As shown in fig. 1 and 2: the method specifically adopts the following steps:

1. a plurality of pictures containing pedestrian scenes are firstly shot by a Lytro light field camera, and then the pictures are processed by Lytro official software to obtain color images and depth images of pedestrians.

2. And (3) preprocessing the color image and the depth image obtained in the step (1) and normalizing the color image and the depth image into a uniform size, and dividing the image into 600 positive and negative samples respectively to obtain a light field image data set.

3. The existing ResNet50 image classification model trained on the ImageNet dataset was downloaded and adapted to the format of the Keras framework used by the present invention.

4. Freezing the model parameters of all convolutional layers in the pre-training of ResNet50 by using the model parameters processed in the step 3;

5. before the training of the neural network, an operation of data amplification is required on the data set. Mainly comprising color channel shift, image rotation, mirror image, random cropping and the like. The Keras deep learning framework is utilized, and the image processing operation can be conveniently carried out through the built-in function.

6. And 4, passing the color image through all the convolutional layers of ResNet50 by using the model parameters processed in the step 4 to obtain a feature vector X1.

7. The depth image is input into 1 convolution layer with convolution kernel size of 3 × 3, and a feature vector X2 is obtained after convolution operation.

8. And (4) weighting and adding the convolution characteristics in the step 6 and the step 7 to form a new convolution characteristic, namely X-W1X 1+ W2X 2, wherein X is the new convolution characteristic.

9. And (4) inputting the convolution characteristic X obtained in the step (8) into a full Connected Layer (full Connected Layer) to obtain a final classification result.

10. According to the classification result, the false recognition rate of the pedestrian recognition, particularly the situation that the pedestrian data set contains the pedestrian in the two-dimensional plane, can be reduced.

The invention needs to set the iteration number of the neural network to 80 times, and the optimizer to be SGD.

As described above, a detection method for pedestrian misrecognition in a two-dimensional plane proposed by the present invention has been clearly described in detail.

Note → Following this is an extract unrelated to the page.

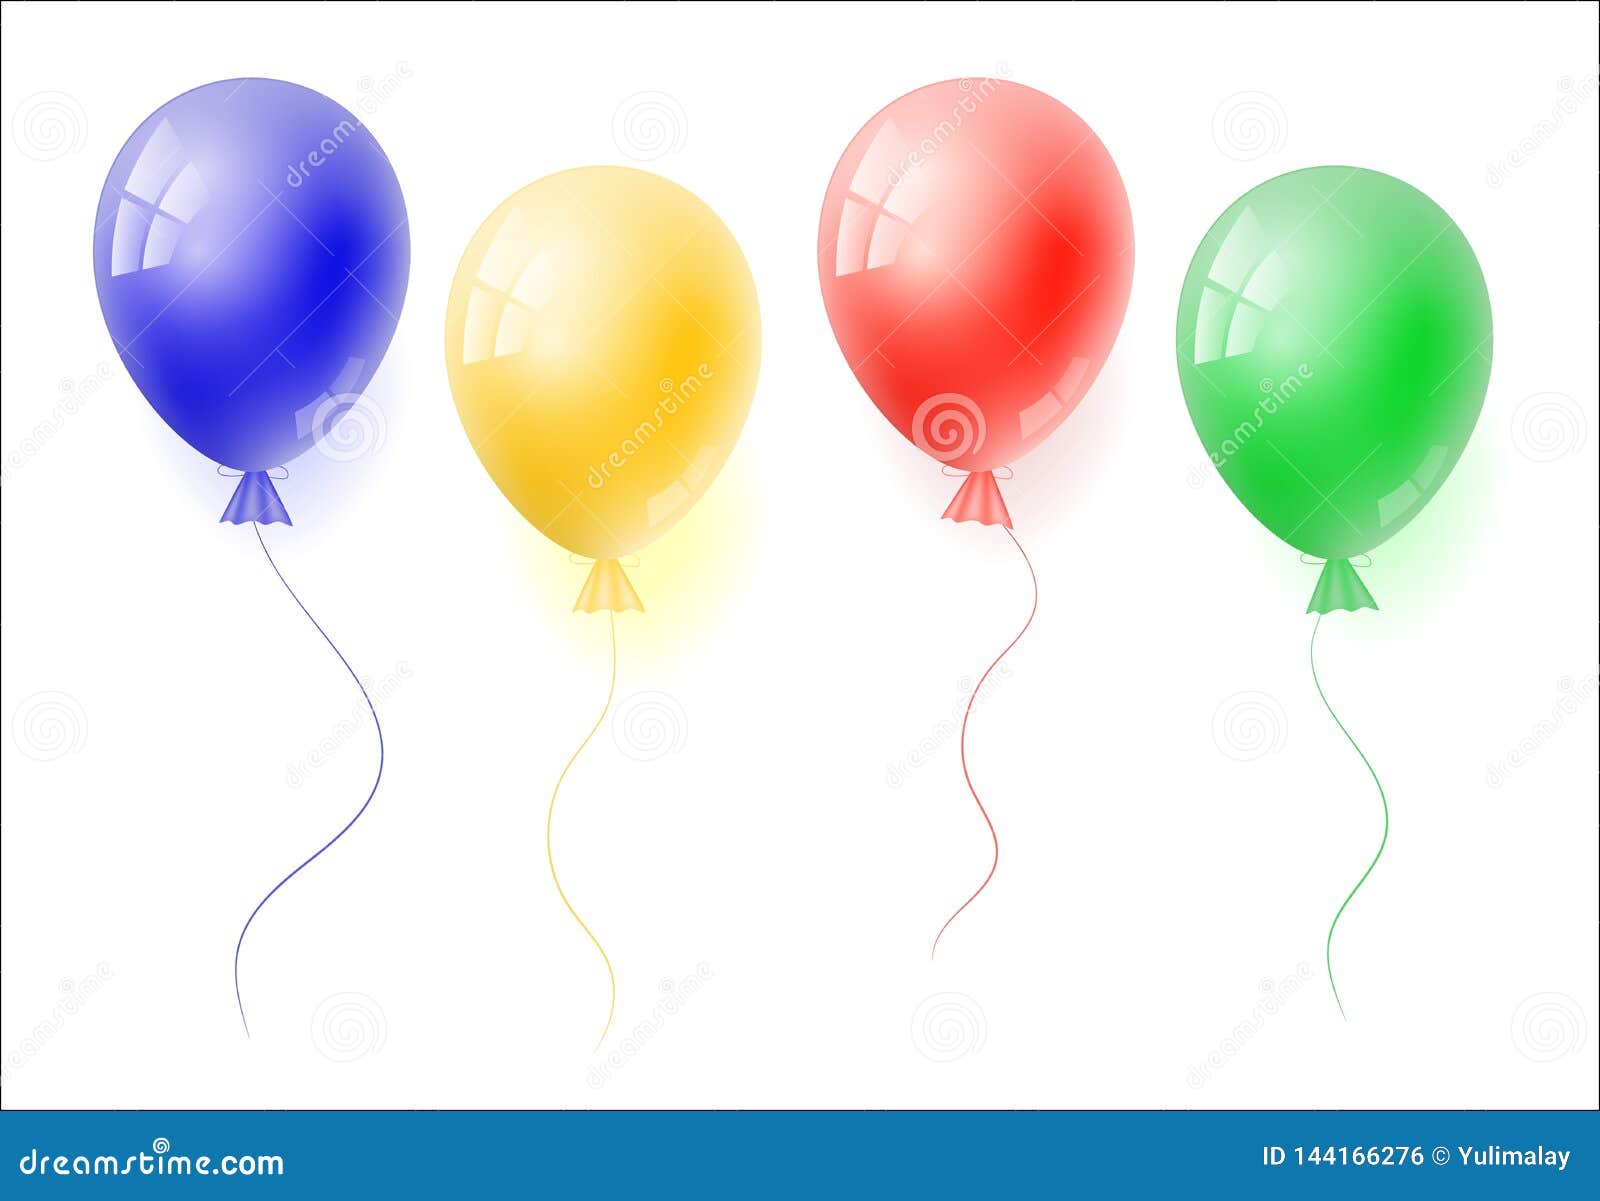 Vector 3d Realistic Balloon Stock Vector Illustration Of Party Images, Photos, Reviews

While embodiments of the invention have been shown and described, it will be understood by those of ordinary skill in the art that: various changes, modifications, substitutions and alterations can be made to the embodiments without departing from the principles and spirit of the invention, the scope of which is defined by the claims and their equivalents.

Claims

1. A pedestrian identification method based on a light field camera and a deep learning technology is characterized in that: the method comprises the following steps:

① acquiring a plurality of pedestrian images with a light field camera;

2. The pedestrian recognition method based on the light field camera and the deep learning technology according to claim 1, wherein: the deep learning employs a Keras framework.